William Robert (Bob) Irvin, President
July 29, 2012 | Water Pollution, Fracking

Guest post by Susan Wallace.


delaware river

Delaware River | Nicholas A. Tonelli

The Delaware River has captivated me for almost my entire life. It has always felt old and atmospheric, yet a river alive, romantic and beautiful. The river just has so much presence – it feels like a spiritual being.

I remember the '55 flood. My parents and I drove on what roads were passable, up towards the Water Gap, to survey the damage. There was a great deal of debris and devastation. I remember seeing chairs wedged high up in trees, wooden cabins crushed like soggy cardboard, and I particularly remember my mother pointing out a nightgown dangling limply from high branches. That nightgown frightened me because I could not think of it apart from the woman who had once worn it. Had she drowned in that terrible flood? Most likely it was swept off a clothesline, but the images of what the '55 flooding of the Delaware left behind imprinted on me. So did the stories my father used to tell me about the Lenape who once lived in communities along the Delaware and its tributaries, and the artifacts he found there as a boy.

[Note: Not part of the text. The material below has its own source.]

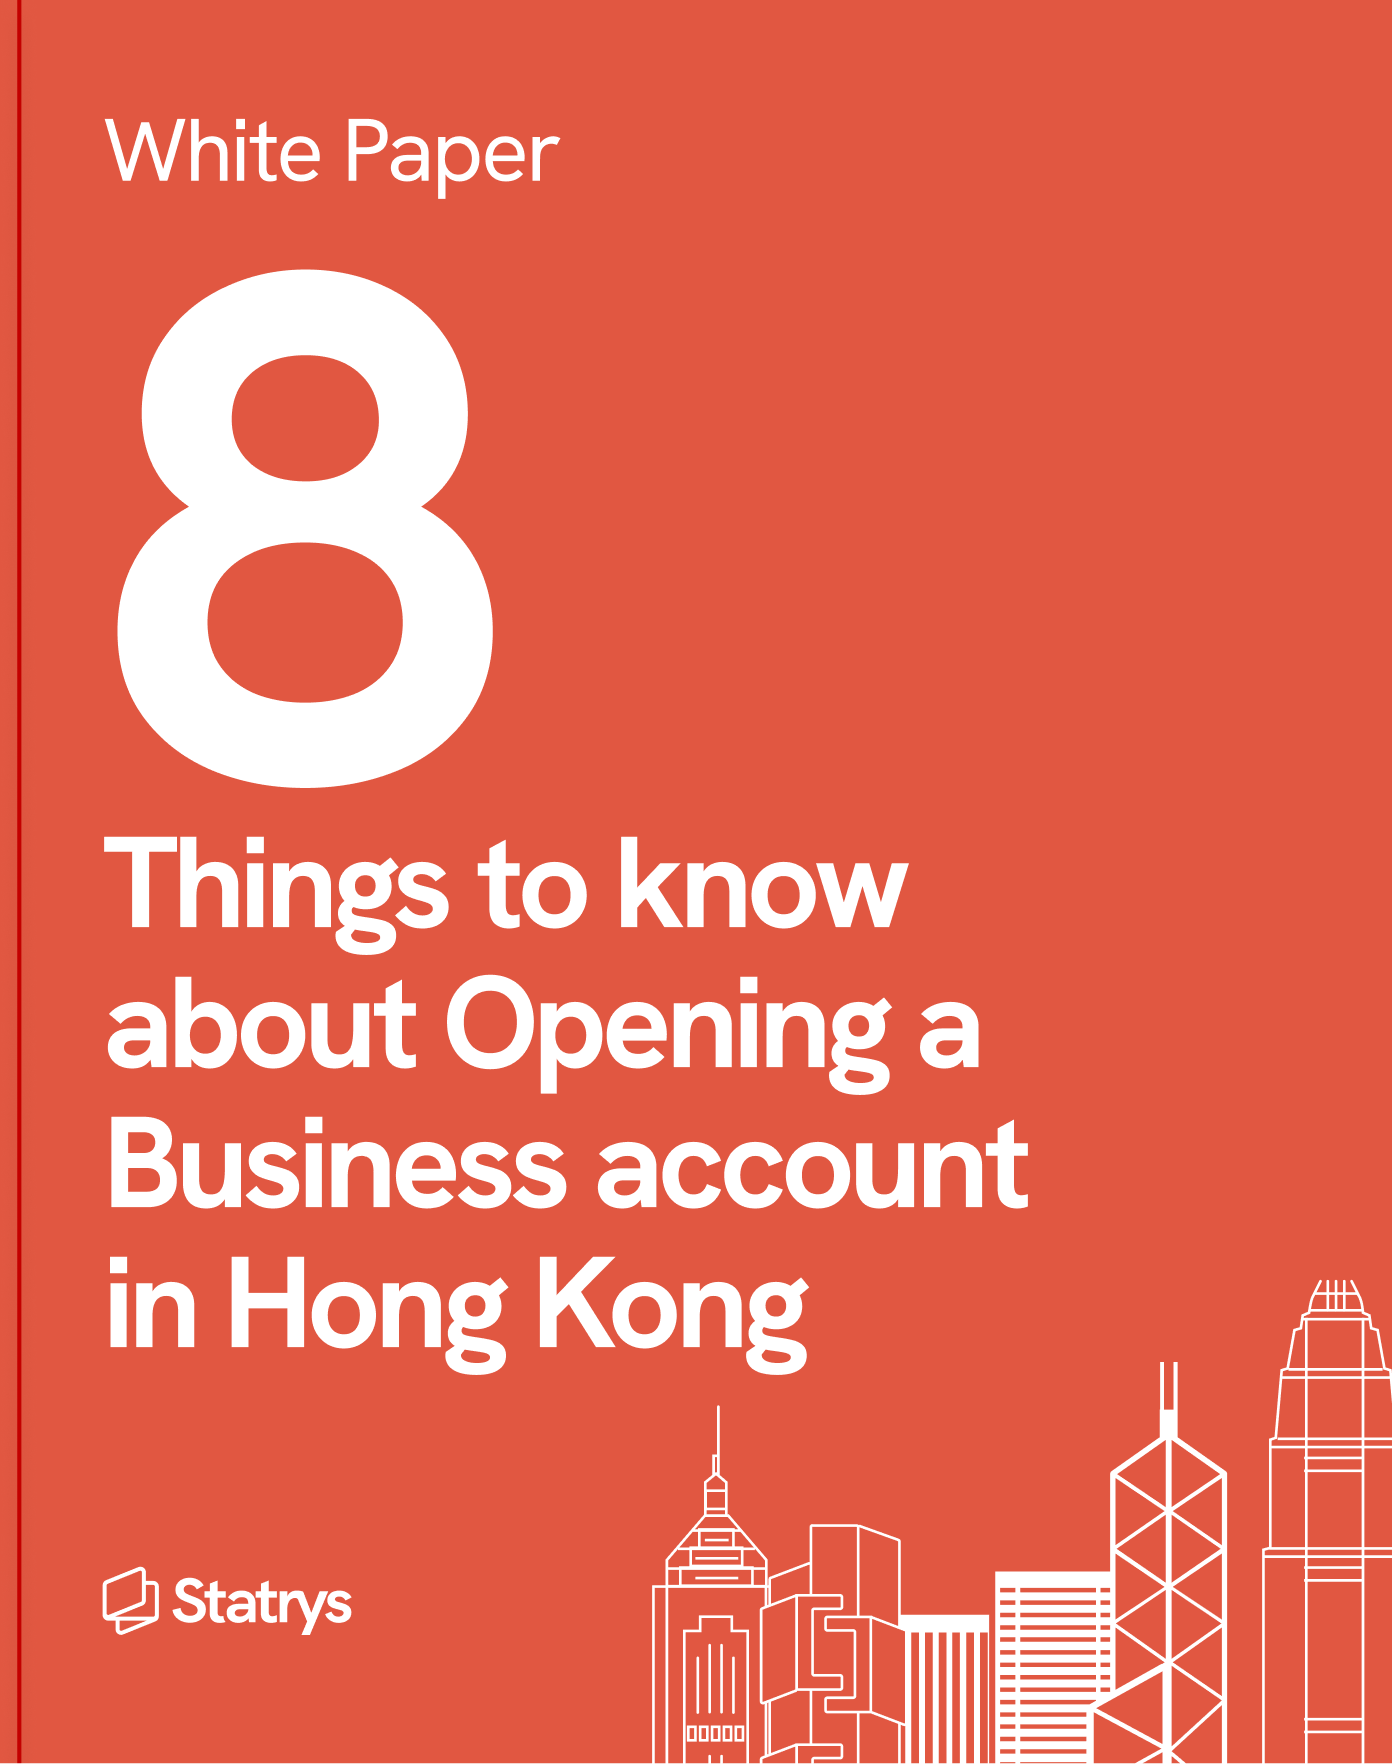 Whitepaper things to know about opening a business bank account in hong kong

To this day, for miles and miles, the scattered old river towns and villages enhance the timeless feeling of the magnificent, un-dammed river. It’s this presence that I work to protect for future generations.


Guest blogger Susan Wallace is a long-time conservationist and advocate for the Delaware River. She and her husband Bruce are currently working to protect Tinicum Creek and a 200 year old bridge that spans it, within the Wild and Scenic Delaware River watershed.